## Supplied information
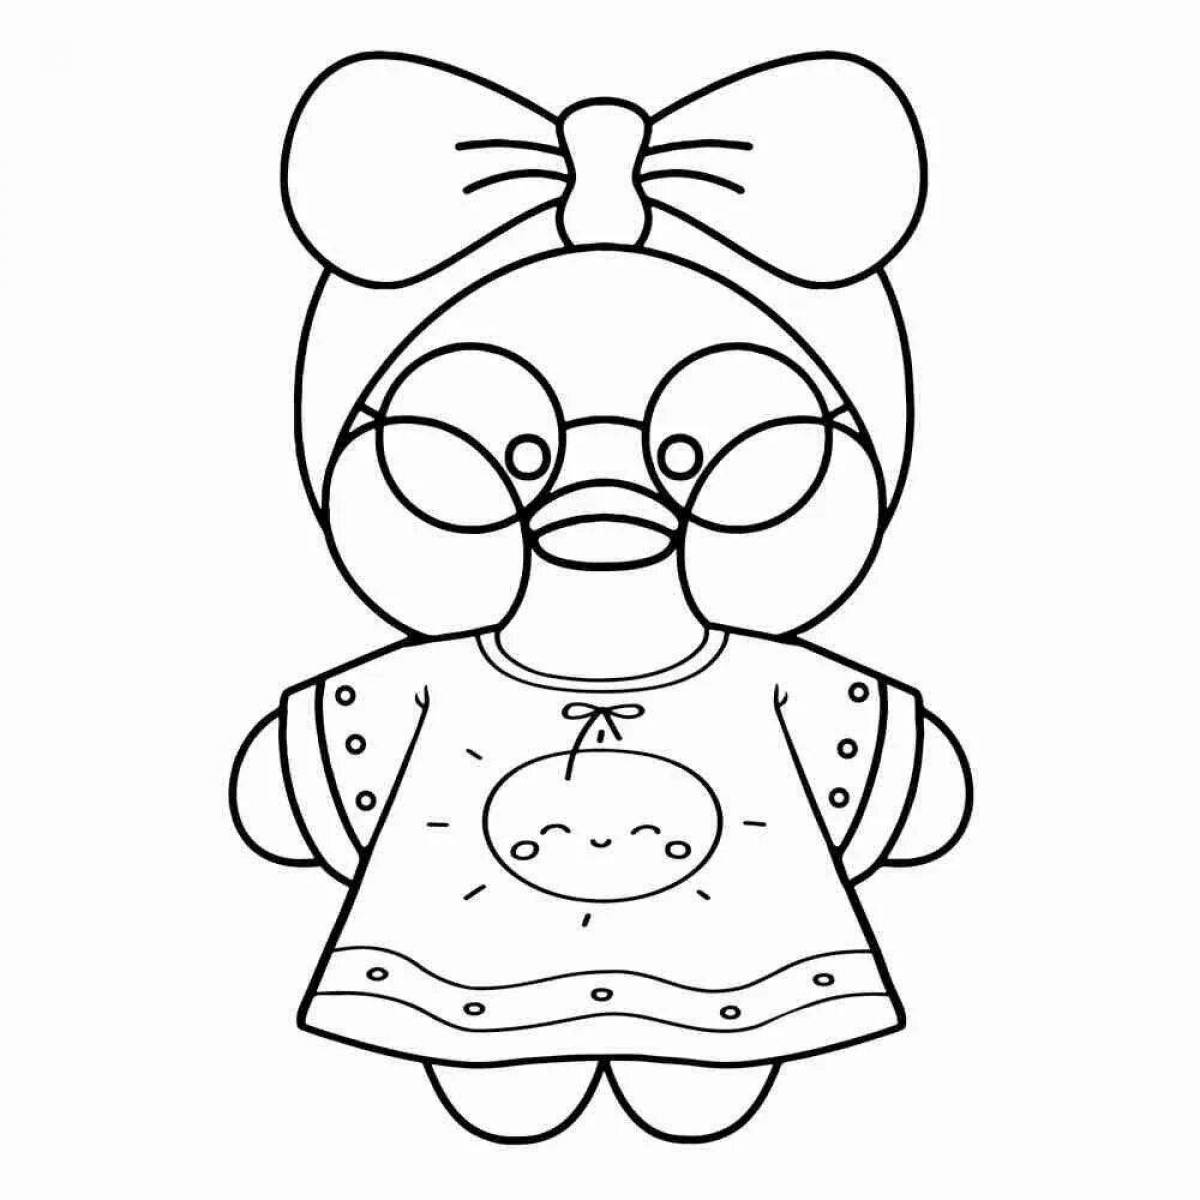 Coloring page charming duckling - lalafanfan
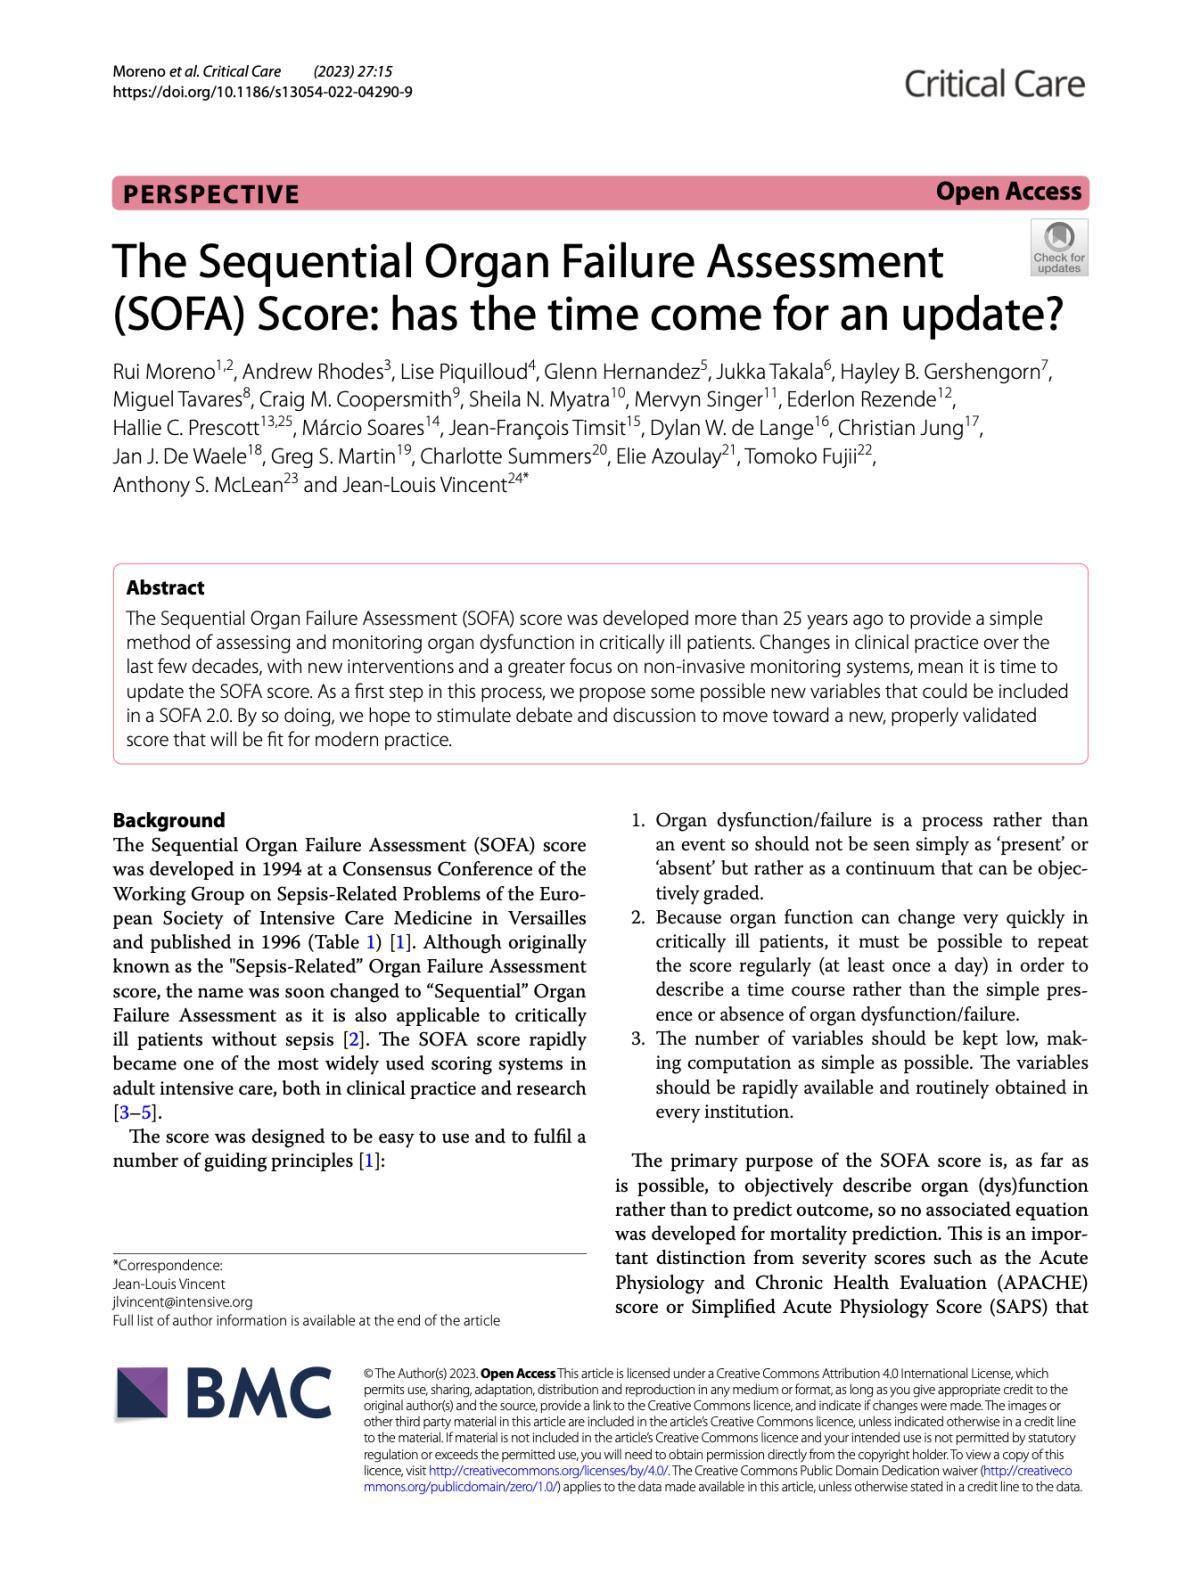 The Sequential Organ Failure Assessment (SOFA) Score: has the time come for an update?
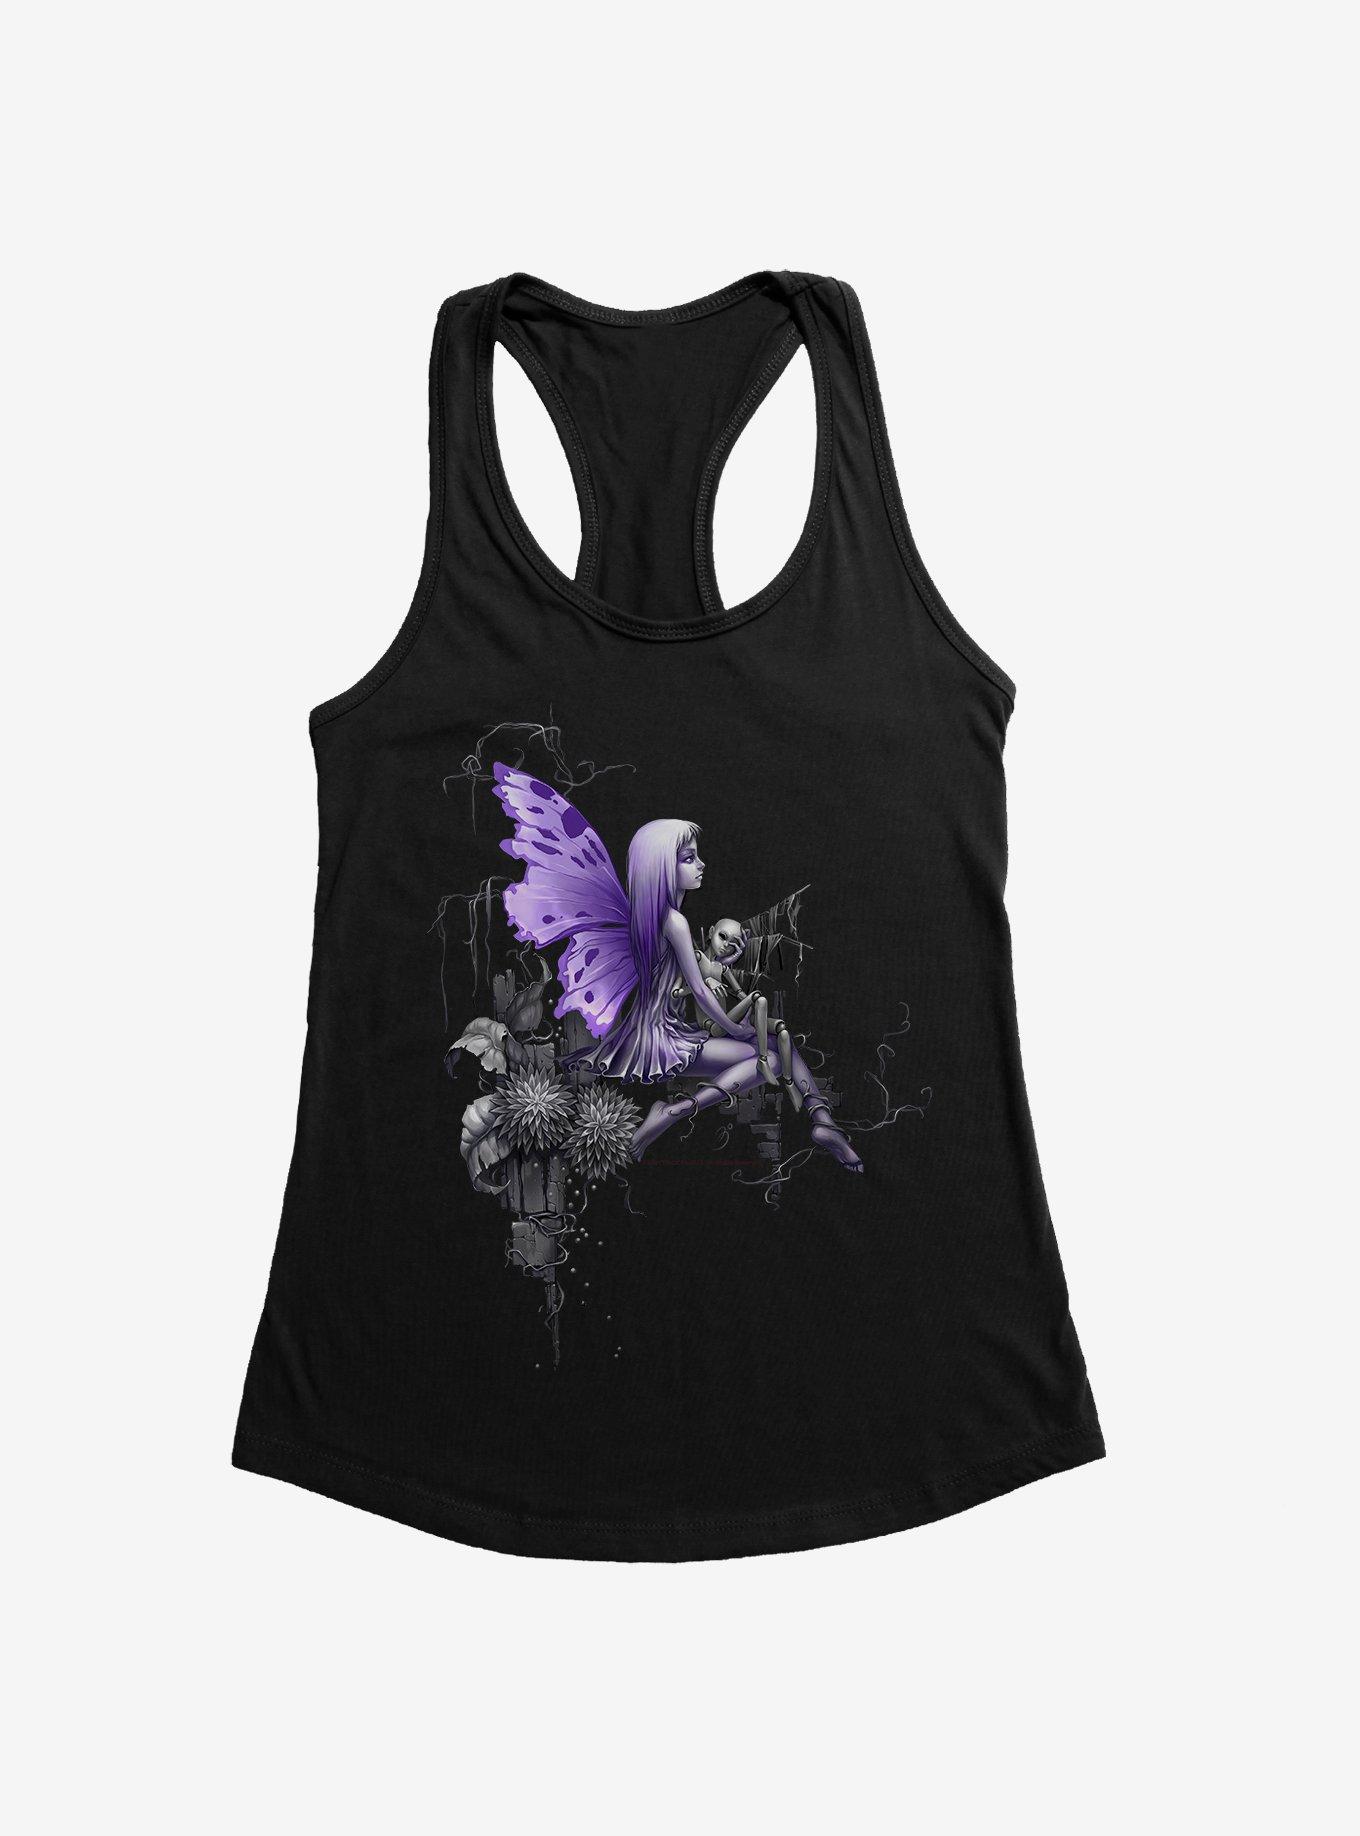 Fairies By Trick Wing Fairy Girls Tank

## What you have to do
Would you return all the data exactly as given, minus the pictures?

## Solved exercise
 Coloring page charming duckling - lalafanfan
 The Sequential Organ Failure Assessment (SOFA) Score: has the time come for an update?
 Fairies By Trick Wing Fairy Girls Tank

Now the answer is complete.